== EXCERPTED DATA ==

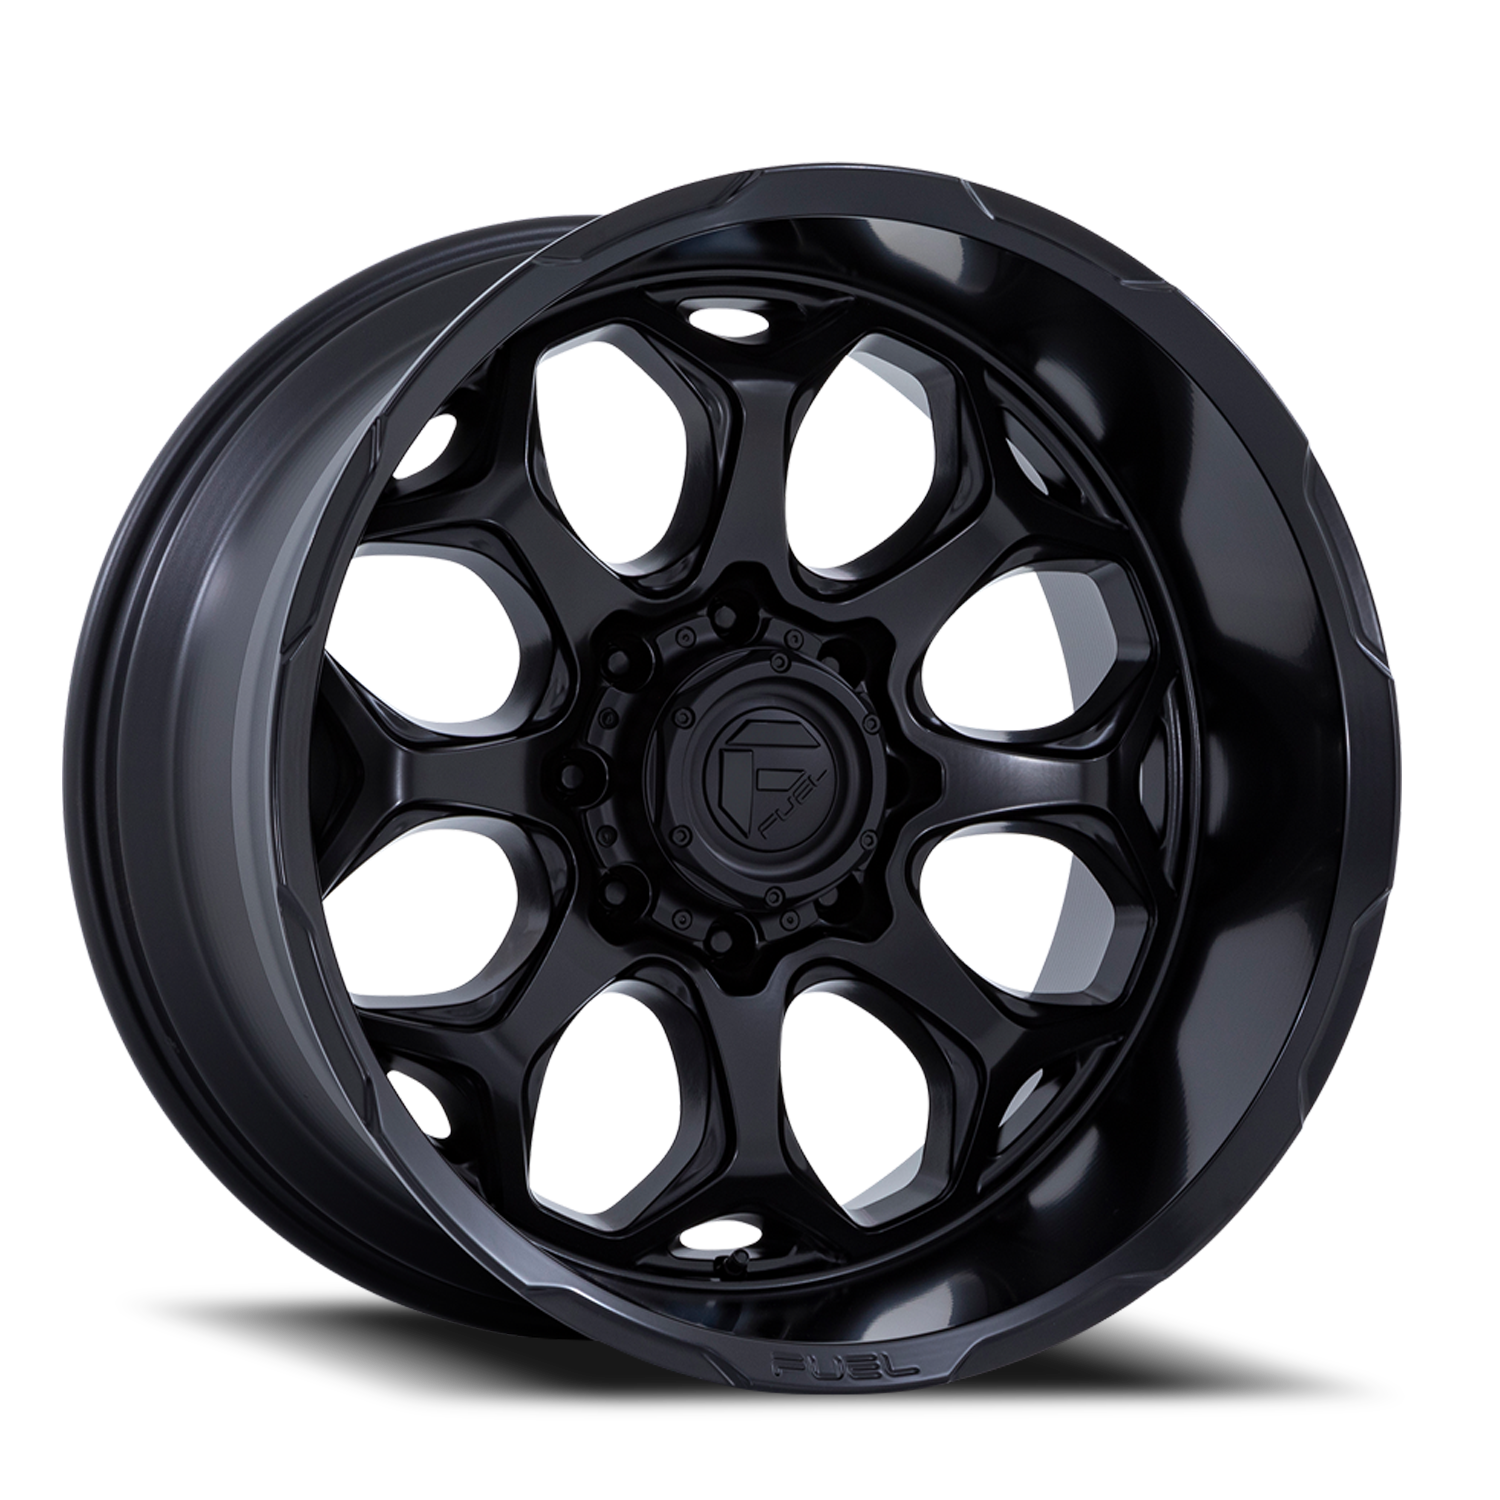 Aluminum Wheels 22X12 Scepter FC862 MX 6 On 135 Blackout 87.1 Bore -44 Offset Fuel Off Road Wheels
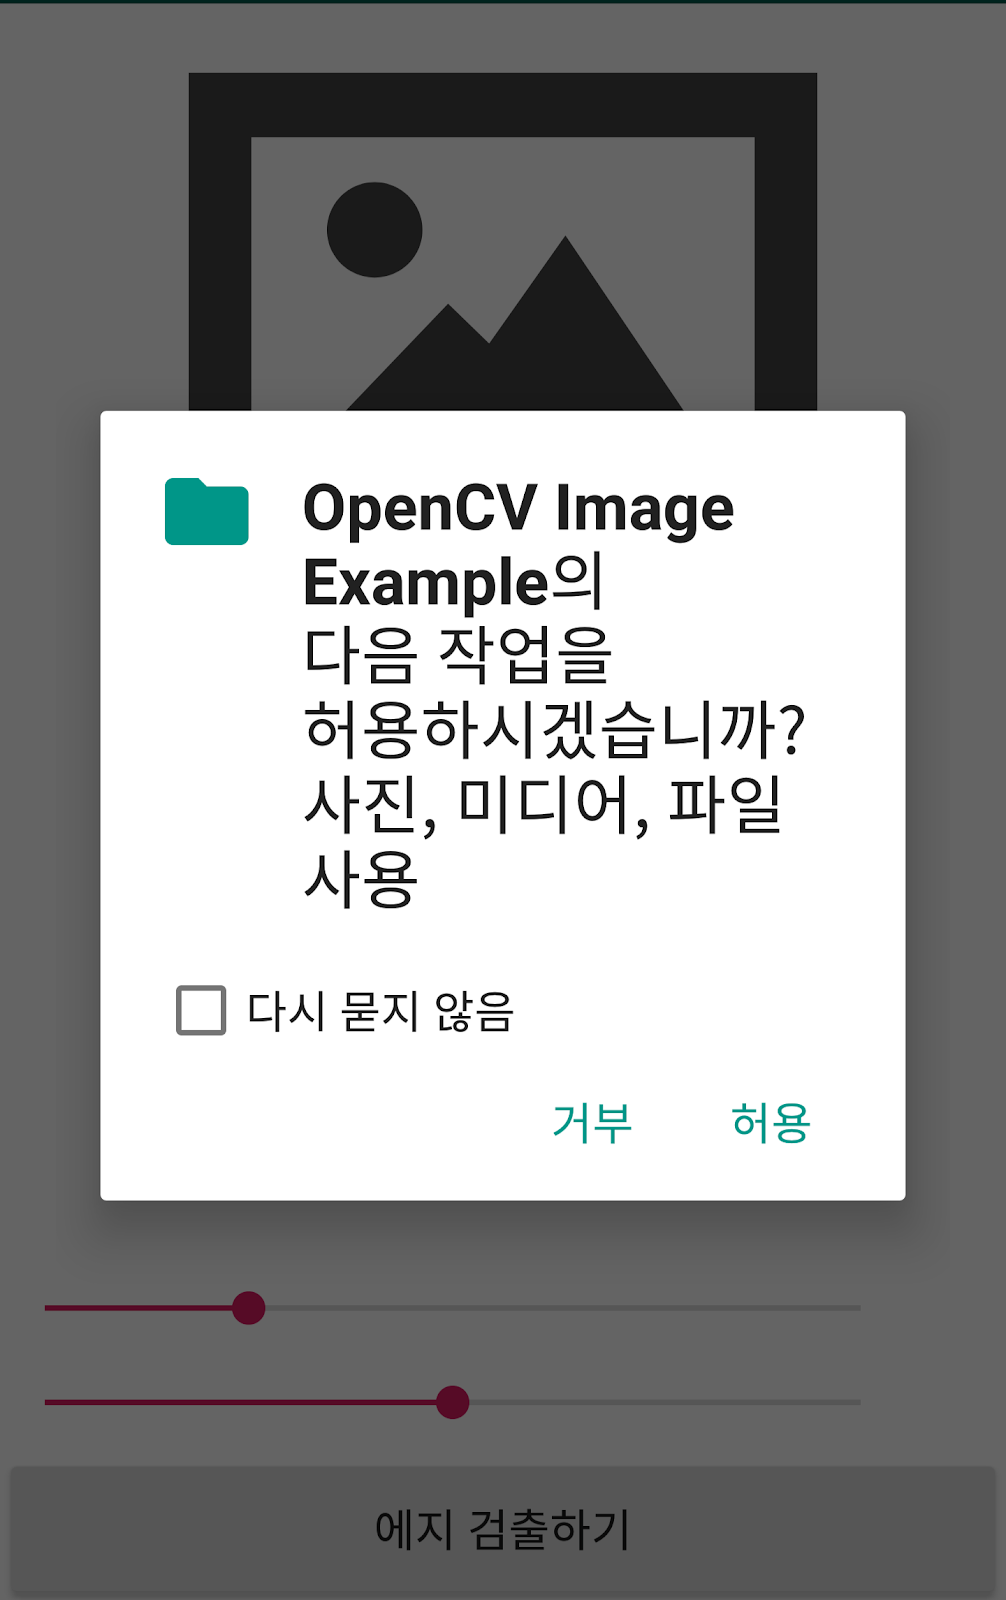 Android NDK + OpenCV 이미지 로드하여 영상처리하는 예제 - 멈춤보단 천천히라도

===
== EXCERPTED DATA ==

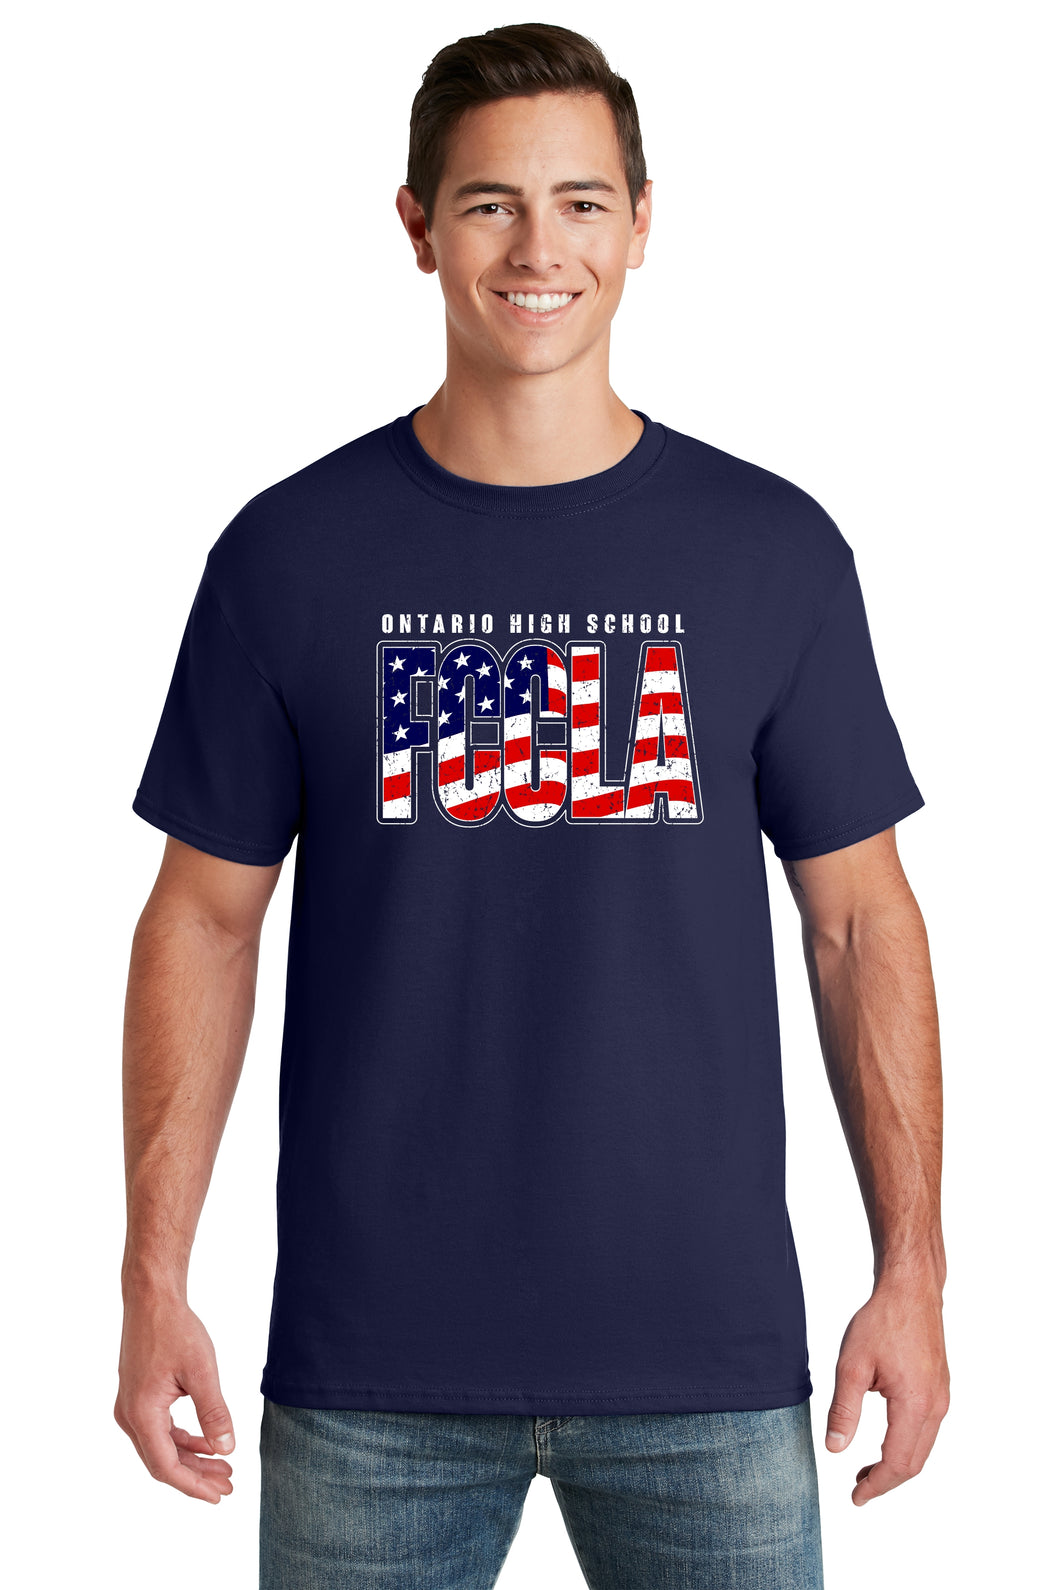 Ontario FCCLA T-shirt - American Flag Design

===

Look above for the line with "Aluminum Wheels 22X12" and the line with "Android NDK +". Give again exactly those two lines and all lines between them, pictures excluded.

 Aluminum Wheels 22X12 Scepter FC862 MX 6 On 135 Blackout 87.1 Bore -44 Offset Fuel Off Road Wheels
 Android NDK + OpenCV 이미지 로드하여 영상처리하는 예제 - 멈춤보단 천천히라도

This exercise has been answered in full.